I was curious, and I had a right to be, this was after all my home too, so I went to see who was in the sitting room. I froze on the threshold while in my mind, like a magic lantern show, I saw a series of vivid and horrifying pictures, a terrifying tableau vivant of bloodied lips, broken ribs, bruises, blackened eyes, and grotesquely bulging pregnant bellies, red-faced squalling infants, and toddlers clinging to my skirts with jam-sticky fingers, illustrating what my life would be like as David Anthony’s wife. I couldn’t move or speak; I don’t think I even breathed. I just stood and stared at them.
Hat in hands, like a humble man, David stood before Abby. She was seated on the horsehair sofa in her old mint-sprigged white cotton tent of a housedress, with a deep frown furrowing her brow, and her hands, folded in her lap, were clenched tight and shaking. When she turned and looked at me I knew she was wishing that those furious fat fingers were curled tight around my neck; she was mad enough to want to murder me. It was then I noticed what lay draped over the sofa arm beside her—my drawers and the handkerchief David had used to wipe me. It was no use denying that they were mine; the hanky was embroidered with my initials L.B. in blue silk thread and the bloomers were trimmed with matching blue ribbons and lace, a “senseless extravagance” much deplored by Father. Now he would know that someone besides me and the Maggie had seen them.
David and Abby abruptly stopped speaking when I walked into the room. He gave a quick nod to Abby and swiftly took his leave. As he passed me, I saw triumph in his eyes and caught a snippet of “The Wedding March” wafting back at me from his puckered lips. I reeled backward as though he had just slapped me.

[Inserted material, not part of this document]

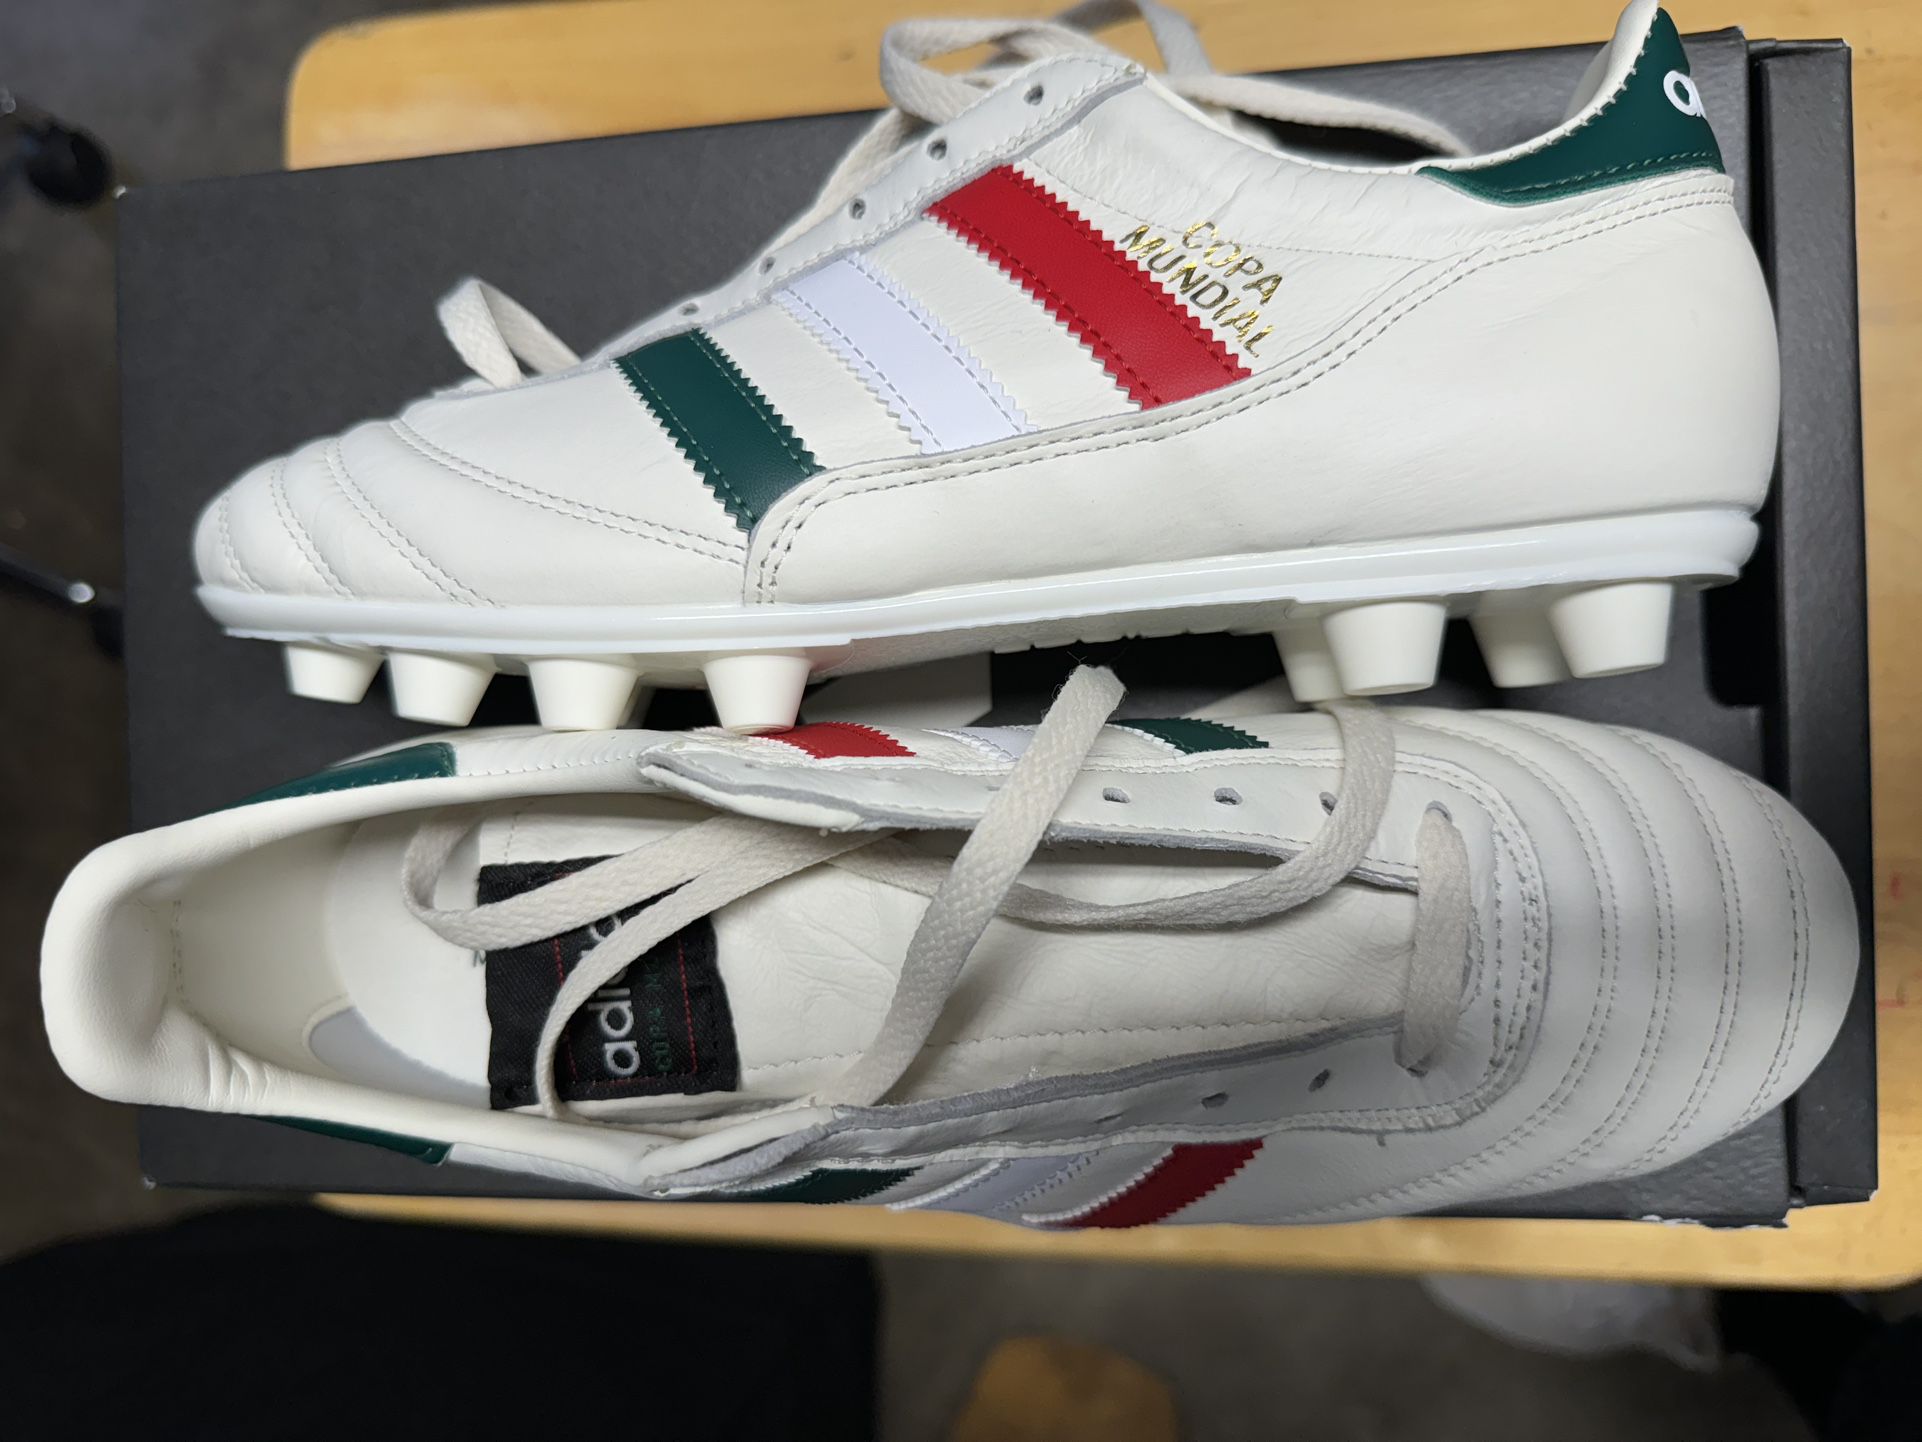 Adidas Copa Mundial Mexico Colorway Limited Edition Soccer Cleats

Like a crucified figure, I braced myself in the doorway, before turning slowly back around to face Abby. My fate was in her hands and both of us knew it. I knew before a single word was spoken that I was doomed.
I am sorry to disappoint those who have been salivating all these years for a blow-by-blow account of what happened that blistering August morning, but I cannot provide one. There were moments when I felt as though I were living under deep murky water like a lazy catfish, when everything seemed to happen sooooooo sssssss-lllllllooooooowwwwwwwlllllllyyyyyy, and others when everything seemed to speed up so fast and pass in a dizzying blur. In spite of what some might think, my vagueness about that day has never been intentional or feigned.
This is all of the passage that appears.